Tuesday, January 26, 2010

Captain Planet is No Match!


We don't typically see product reviews here, but I'm borrowing my friend Pat's Aerostitch Roadcrafter one-piece suit and I have to say the thing is magnificent--as magnificent as a unicorn in mid-leap. Not only is it the most comfortable motorcycle suit I've ever worn, it's also the fully impervious to the elements. I went out in the rain and cold this morning on my way to Sausalito and I couldn't feel a thing through the layers. Like wearing a body-sized condom.

So, a shout out to all of Captain Planet's nefarious enemies, buy this suit and be impervious to the elements, whether it be earth, fire, wind, water or, umm, heart.

--Matt

Thursday, January 21, 2010

The Rising Waters

Ugh, I just woke up from a dream where I was basically adopted as a Swedish citizen just by drinking and singing with some soccer fans from that country. We then all went to fight the forces of darkness in some Buddhist temple at the top of a mountain. This event was preceded by me being a wheelman for Kevin Costner, who happened to also be a cocaine smuggler.
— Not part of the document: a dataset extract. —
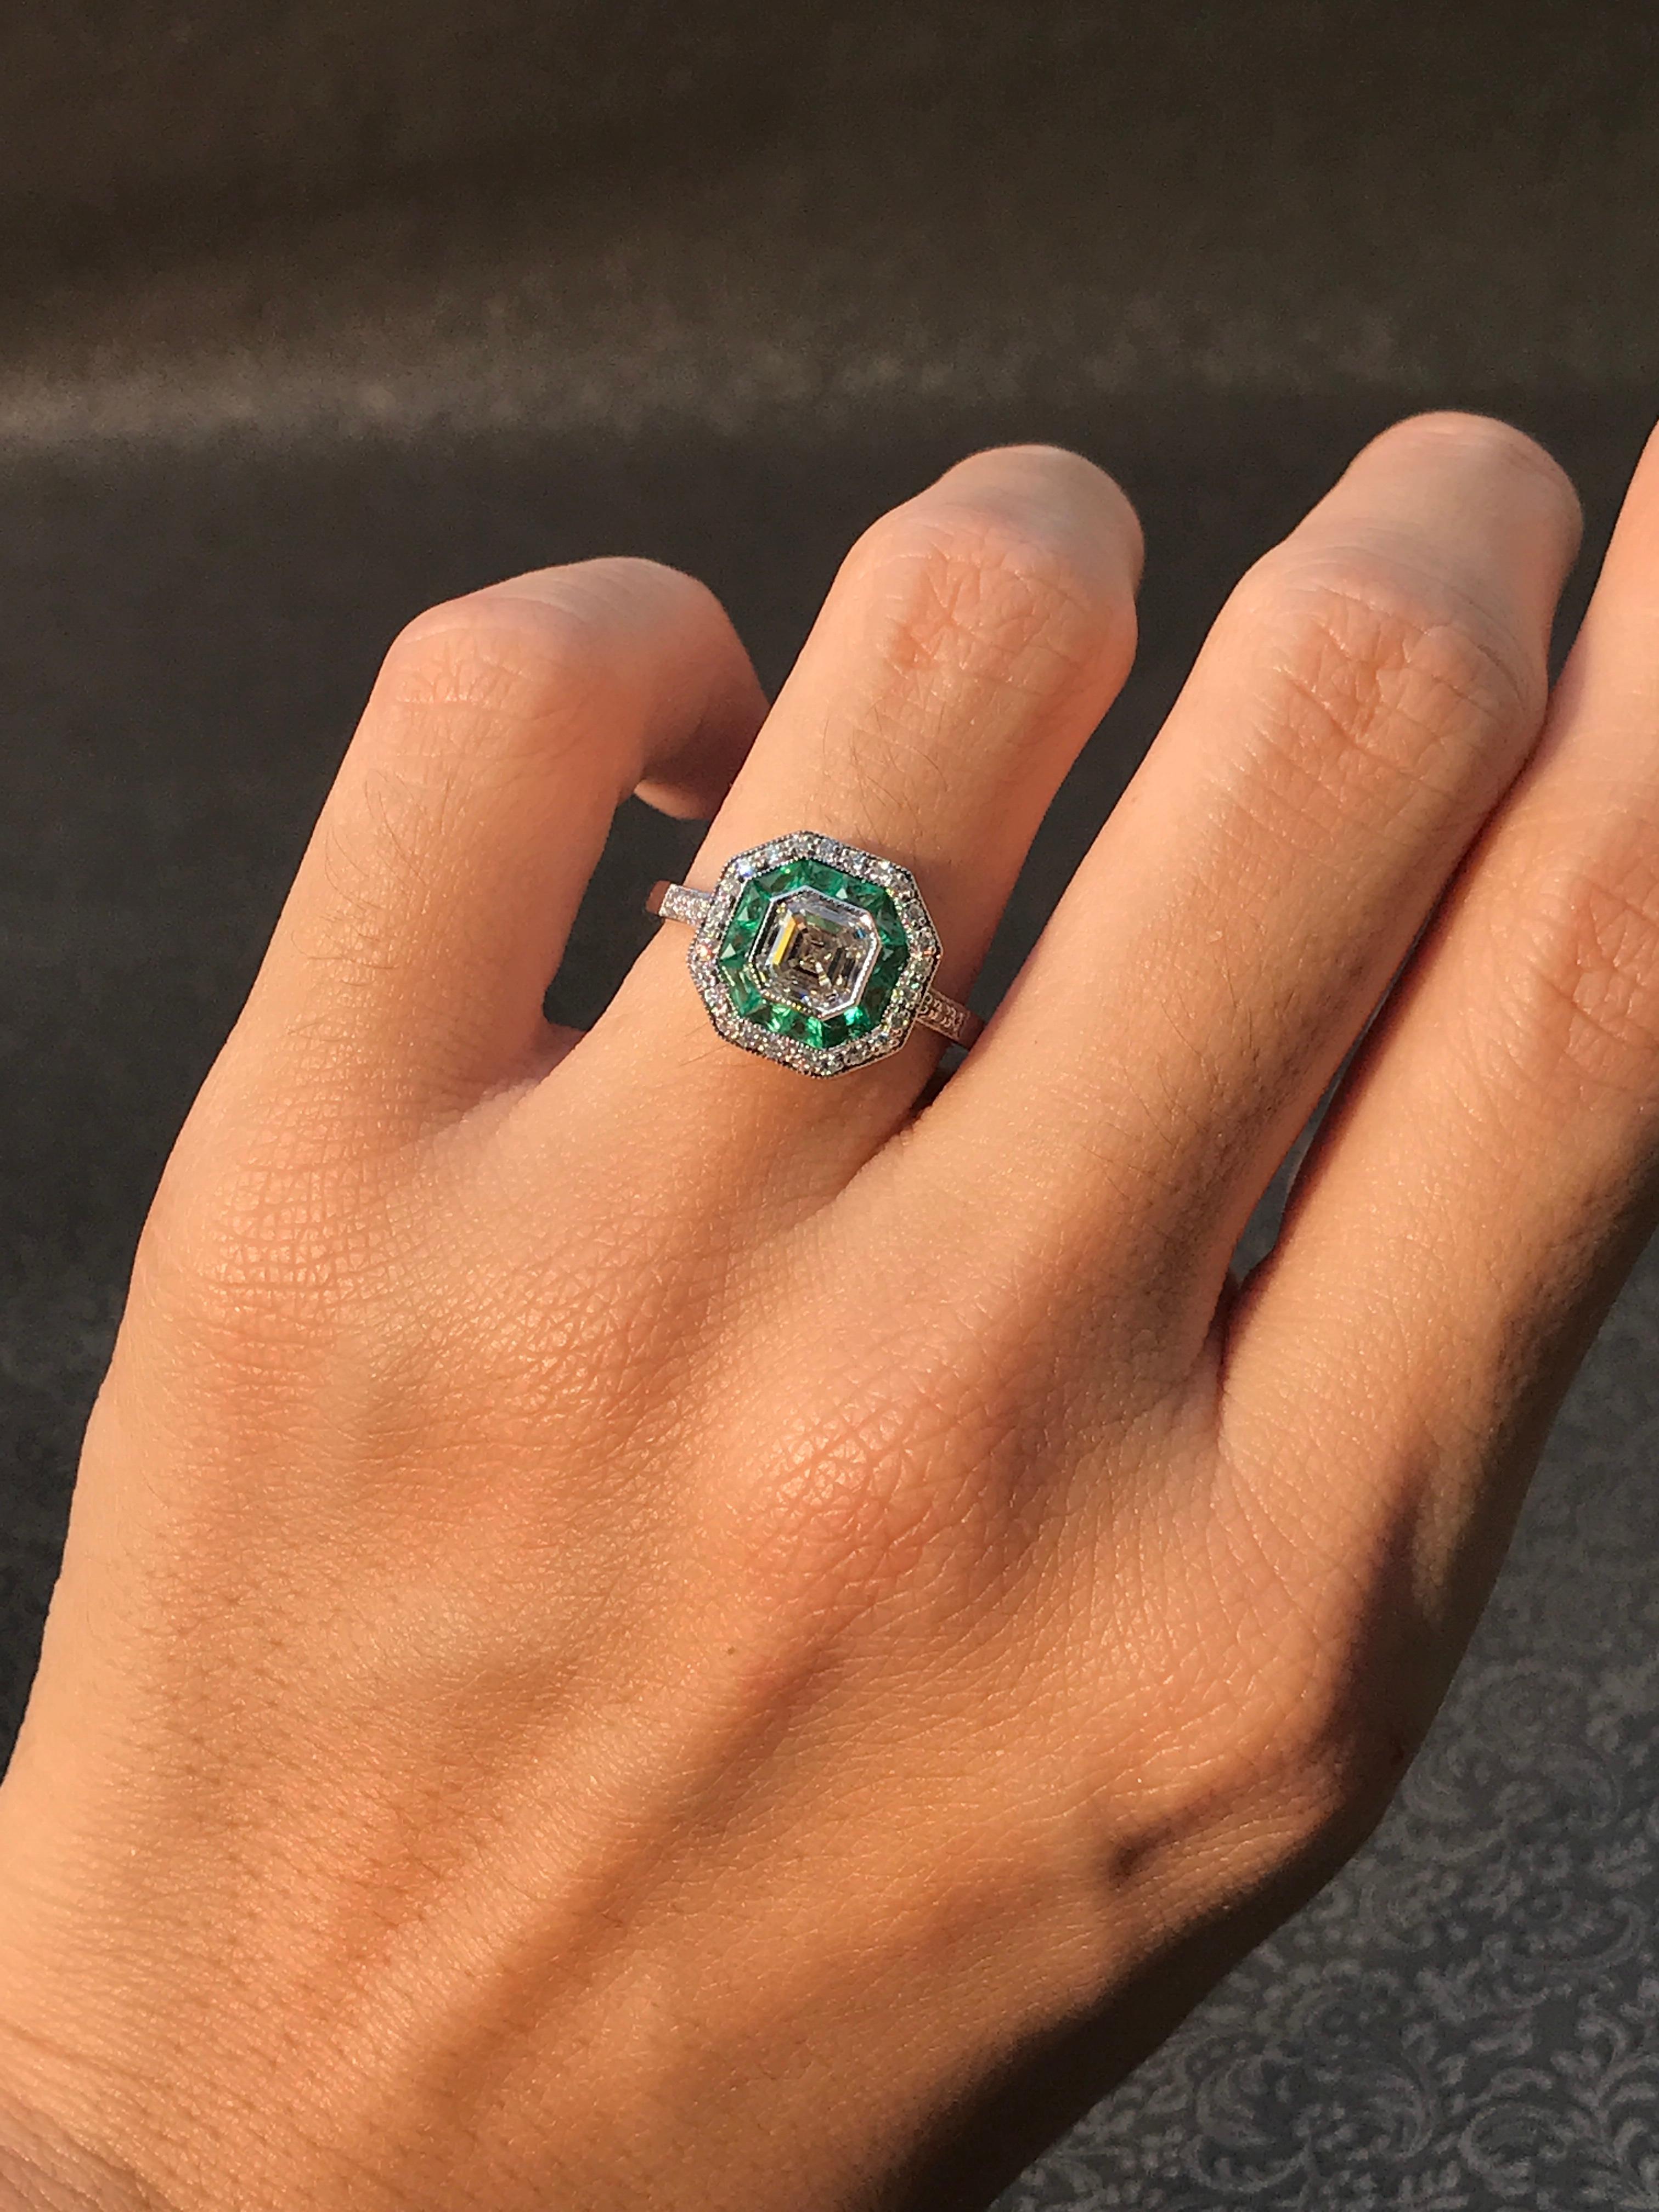 An 18k white gold Art-Deco design diamond and sapphire target ring, center asscher cut K/VS diamond with an inner halo of French cut emeralds and outer round diamonds with finished with millgrain edging, finished with diamond shoulders.

Ring

I think the Sweden thing is a direct result of Massachusetts becoming a red state the other day. You know, flee the sinking ship for high ground...and Volvos. I seriously told some Japanese folks that CA, NY, and MA would never ever become red states. I was wrong, and now the Swedish are fighting for my soul.

--Matt

Wednesday, January 20, 2010

Breaking the Law, Breaking the Law

It struck me just now that the storage capacity of Johnny, sneakernet agent/main character of William Gibson's excellent cyberpunk short story Johnny Mnemonic, had an in-brain memory capacity of 80 gigs. Just 80 gigs! Silicon Power just released a compact flash card for pro-level digital SLR cameras that stores 128 gigs and isn't much larger than a Cool Ranch Dorito. That Johnny, what a sucker--he traded his childhood memories in 2021 for a wetware storage bin that could barely hold a respectable mp3 collection in 2010. Well, he gets Molly as a concession, so if that's losing out I don't want to win.
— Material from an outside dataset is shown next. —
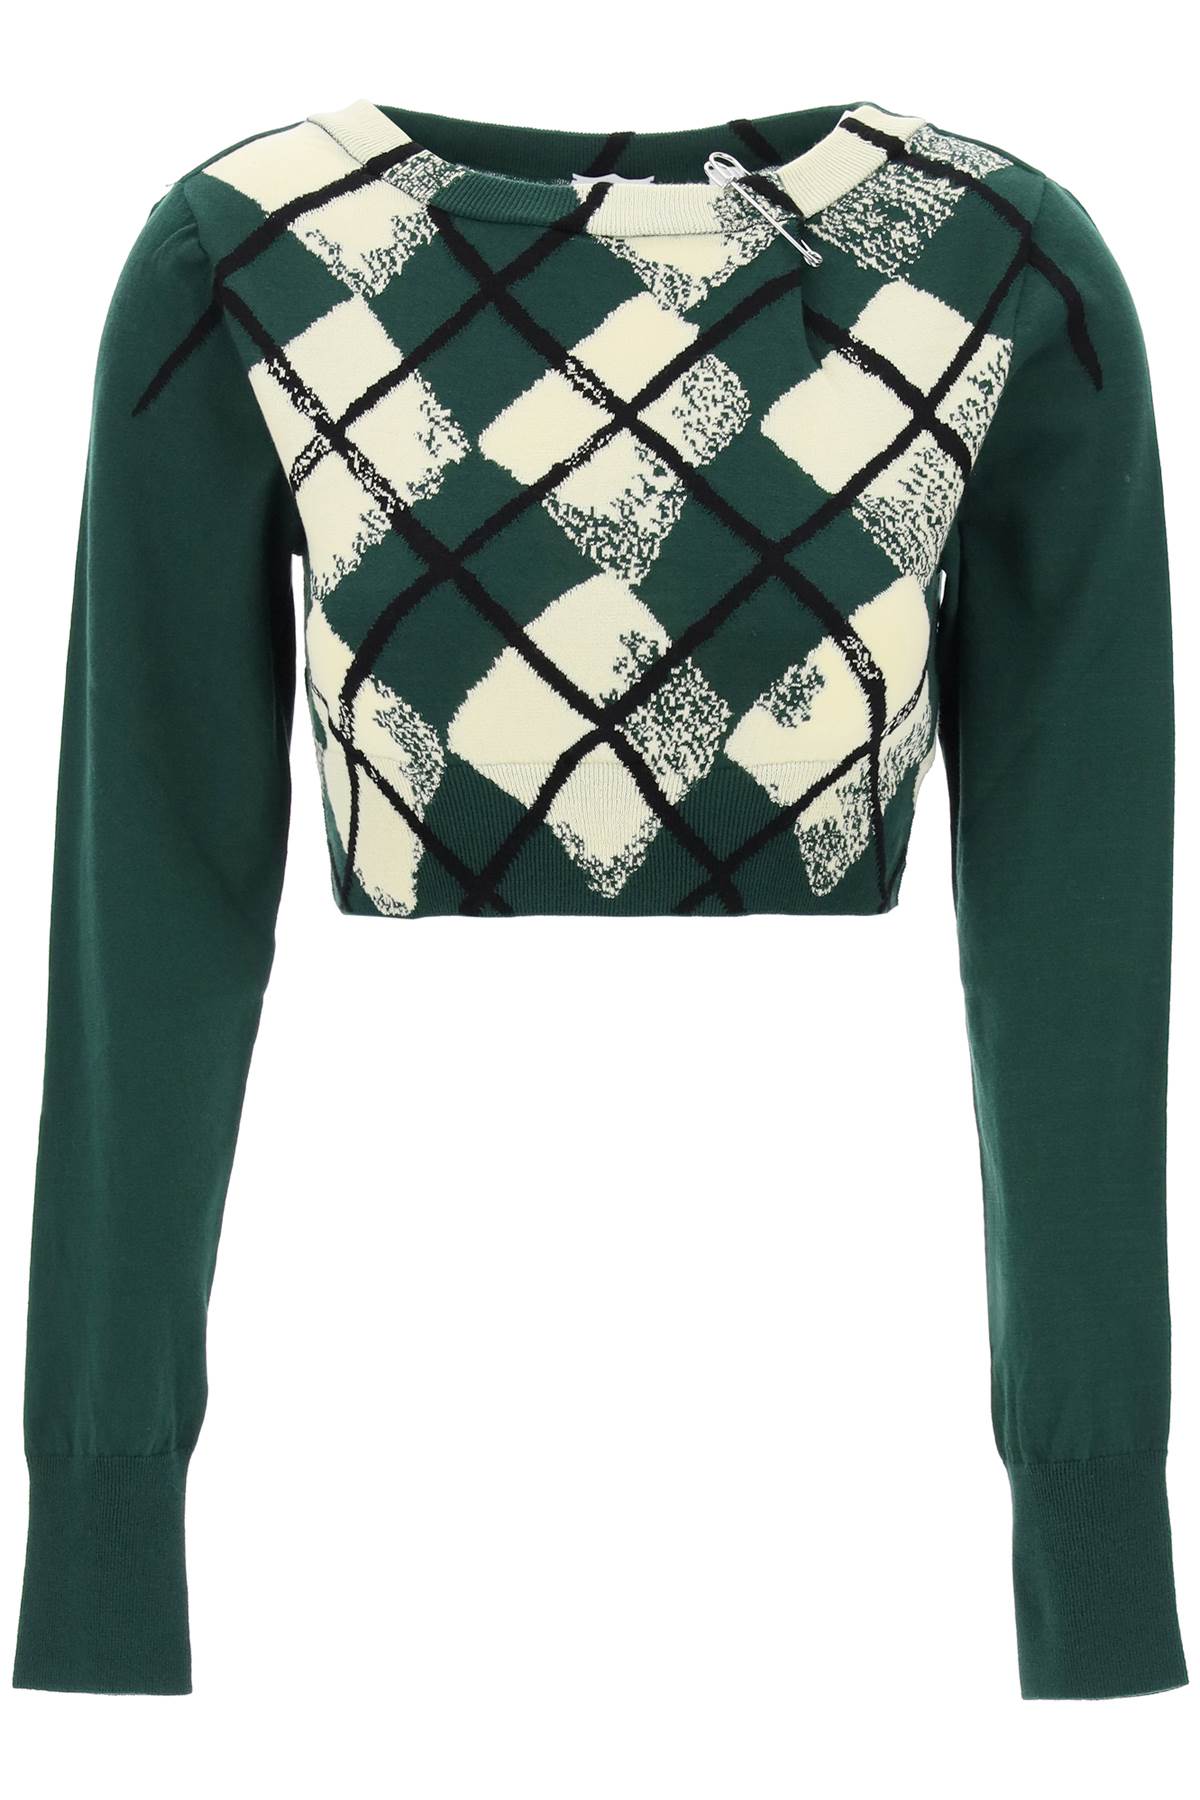 Burberry Cotton Pullover With Argyle Pattern-Pullover-Burberry-S-Urbanheer

Moore's Law states that the number of transistors on an integrated circuit will double every two years and has held more or less true since 1970. And though this law has been invoked for computer hardware on the whole I just found out that when referring to storage devices specifically the phenomenon is actually called Kryder's Law, named after Seagate VP of research Mark Kryder. So, interesting little tidbit there. To me.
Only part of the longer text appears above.